Meurs, mon amour : Jennifer Lawrence angoisse et éblouit dans son approche brutale d'une femme sous l'influence (****)

Malgré ce que l’intuition nous dit, il n’est pas évident qu’il soit bon pour un film d’être compris. En fait, il n'y a qu'une seule chose pire qu'un film compris, c'est d'être complètement compris. L'histoire bien connue (on ne sait pas si elle est vraie) du Grand Sommeil est qu'à un certain moment, les scénaristes William Faulkner et Leigh Brackett n'ont pas pu déchiffrer qui avait tué l'un des personnages. Ils ont donc appelé Raymond Chandler, l'auteur, qui a réagi avec colère. À ce stade, les conclusions de la blague divergent. Mais ce qui est sensé et drôle, c'est que l'énigme non résolue était en fait là consciemment pour ajouter du mystère au mystère lui-même. On ne parle pas de David Lynch parce que c’est précisément le mécanisme du secret qui anime la meilleure partie de son œuvre.
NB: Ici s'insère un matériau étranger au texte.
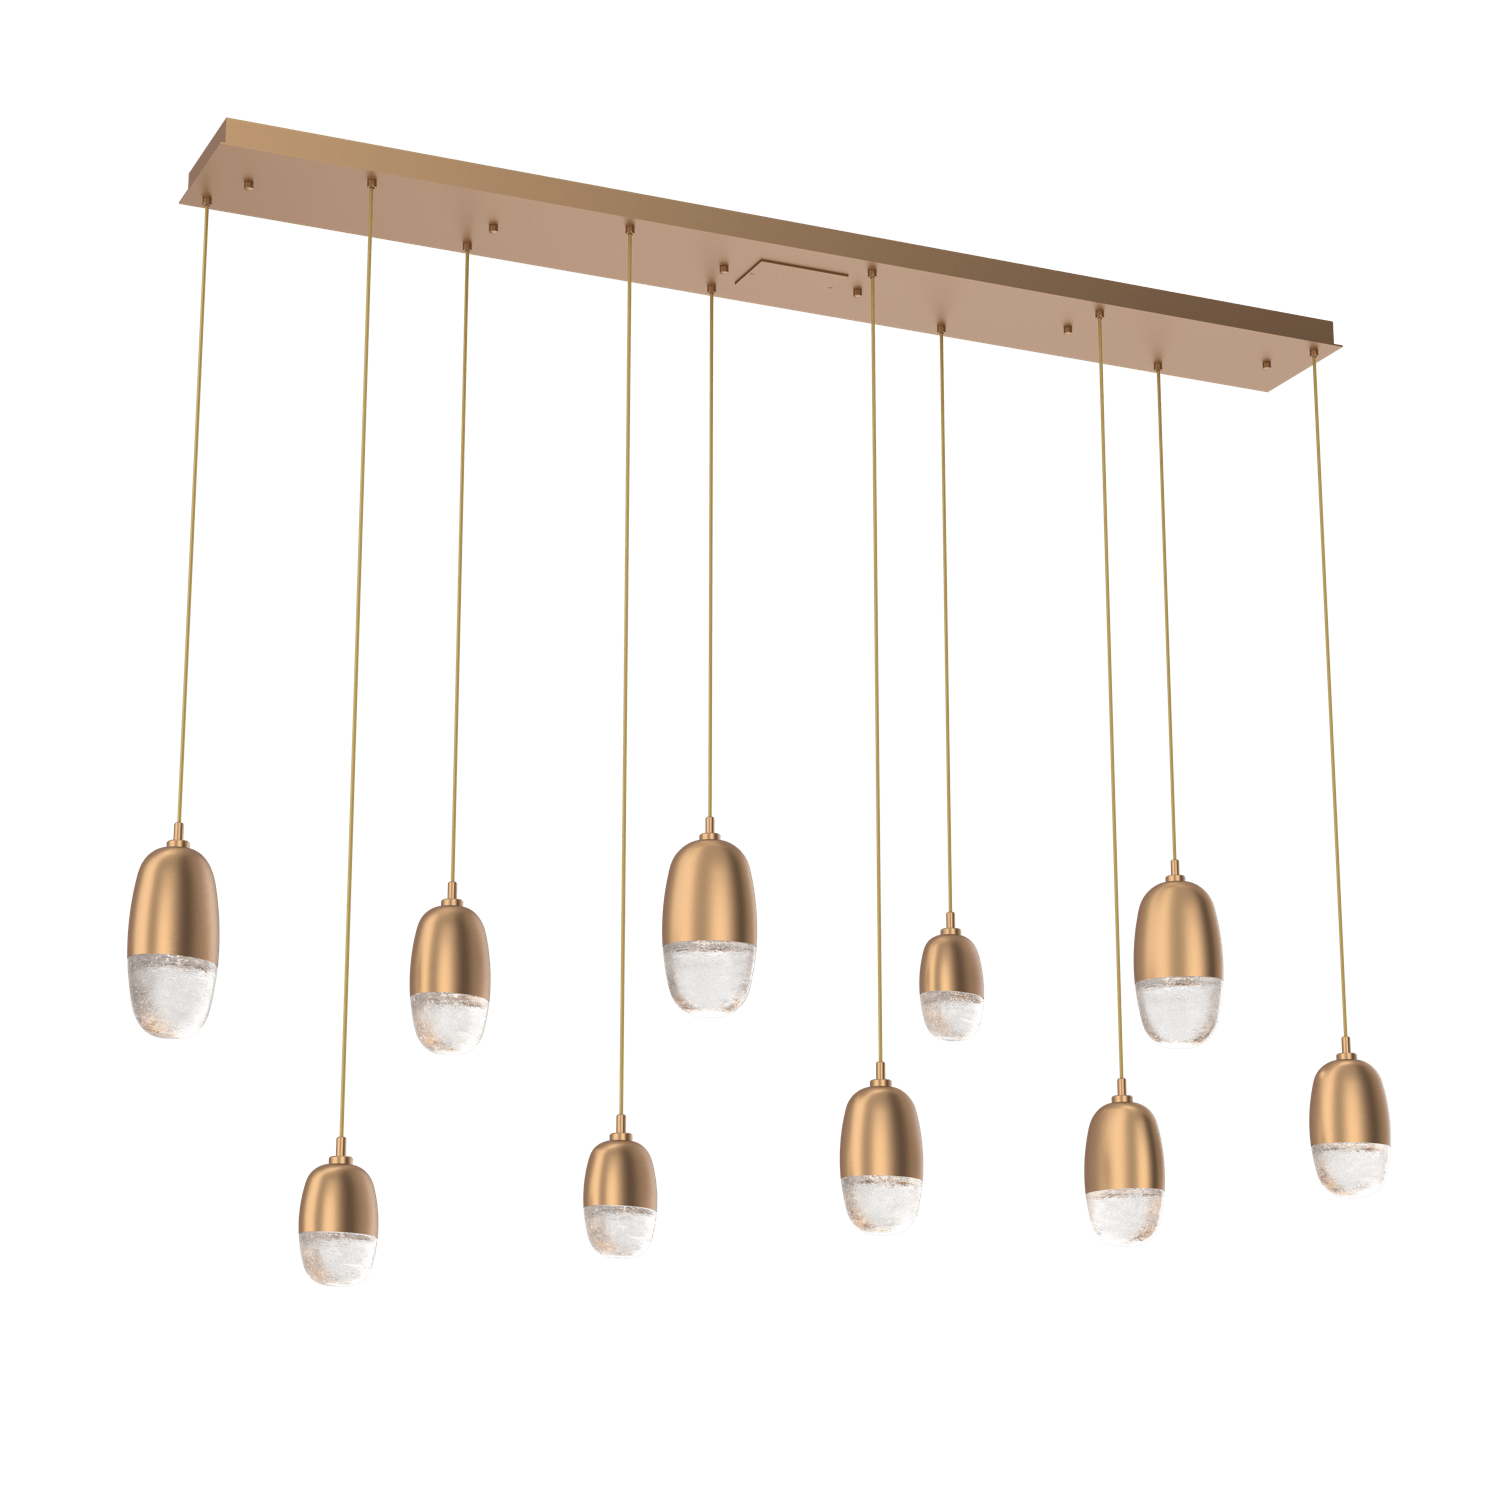 PLB0079-09-NB-Hammerton-Studio-Pebble-9-light-linear-pendant-chandelier-with-novel-brass-finish-and-clear-cast-glass-shades-and-LED-lamping

Il se passe quelque chose de similaire avec les films de Lynne Ramsay, qui n'ont rien à voir avec l'intrigue, le noir ou les brumes portuaires. Une grande partie du travail du réalisateur de You Were Never Really Here et We Need to Talk About Kevin se déroule dans cet espace où le comportement humain est dépouillé de sens et offert de manière pure, brute et violente. Exagérément violent. Meurs, mon amour, son adaptation particulière du roman d'Ariana Harwicz avec la collaboration des acteurs Robert Pattinson et, surtout, Jennifer Lawrence (ainsi que de totems comme Sissy Spacek ou Nick Nolte) est le dernier volet de son point de vue toujours viscéral sur toute forme de cécité.
Le film raconte simplement l’histoire d’une mère en proie à la psychose qui lutte pour garder la raison. En réalité, l’argument n’existe pas. Ce n'est pas le cas. Le réalisateur invite le spectateur à s'approcher de l'écran, non pas tant pour le regarder que pour entrer dans le nuage radioactif qui obscurcit l'âme du protagoniste. Elle et lui vont à la campagne, ont un enfant, elle tue le chien, griffe le mur de la salle de bain... et des trucs comme ça. Le film est présenté comme une véritable provocation. L’idée n’est pas de démêler les problèmes ni de réfléchir à l’importance de s’attaquer aux maladies mentales, ni d’offrir un guide de conduite à adopter si l’on rencontre quelque chose de similaire. Tout est plus cru parce qu’il n’y a pas de romancier pour appeler et demander qui a tué quelqu’un. Nous sommes seuls.
Jennifer Lawrence s'offre sur la chaîne d'une manière que nous avons rarement vue chez une actrice en général, et encore moins chez l'une des stars les plus considérées d'Hollywood. Si la référence absolue en matière de performances vibrantes, insaisissables, énigmatiques et insurmontables est la leçon de Gena Rowlands dans Une femme sous influence de John Cassavetes, c'est là que se dirige une actrice qui, après des années sans localisation sur Google Maps, occupée par des blockbusters idiots, revient enfin à l'endroit de ces films qui ont fait d'elle ce qu'elle est probablement. On parle de Mother!, de Darren Aronofsky, ou... Il y en a un autre, mais on ne s'en souvient plus pour le moment.
Bien sûr, Meurs, mon amour n'existe pas pour être compris. Ni trop peu, ni trop. Meurs, mon amour est là pour que les forêts brûlent, que les miroirs se brisent avec les fronts, que les chiens aboient sans arrêt et que les numéros de danse approchent du cauchemar le plus cruel. Disons que Lawrence adhère avec enthousiasme à l’idéologie de Ramsey. Il est dans la nature des personnages du réalisateur écossais de marcher les yeux fermés au bord de chaque précipice. Et c’est ainsi parce que le cinéaste est convaincu qu’une femme ou un homme seul face à un précipice est une femme ou un homme conscient ; conscient de sa peur, de sa liberté radicale (jusqu'à se suicider) et du sens profond du temps. De la tienne. Tout le monde. Kierkegaard l'appelait angoisse et plaçait entre les mains de cette sensation paralysante et terriblement lucide, à un millimètre du néant, la clé pour trouver non pas tant le sens de presque tout que, en fait, son insignifiance la plus intime. Comprendre tout élimine le soupçon d’être confronté à quelque chose de vraiment important. Et soit vous y croyez, soit vous n'y croyez pas. Il n’y a aucun moyen de le comprendre.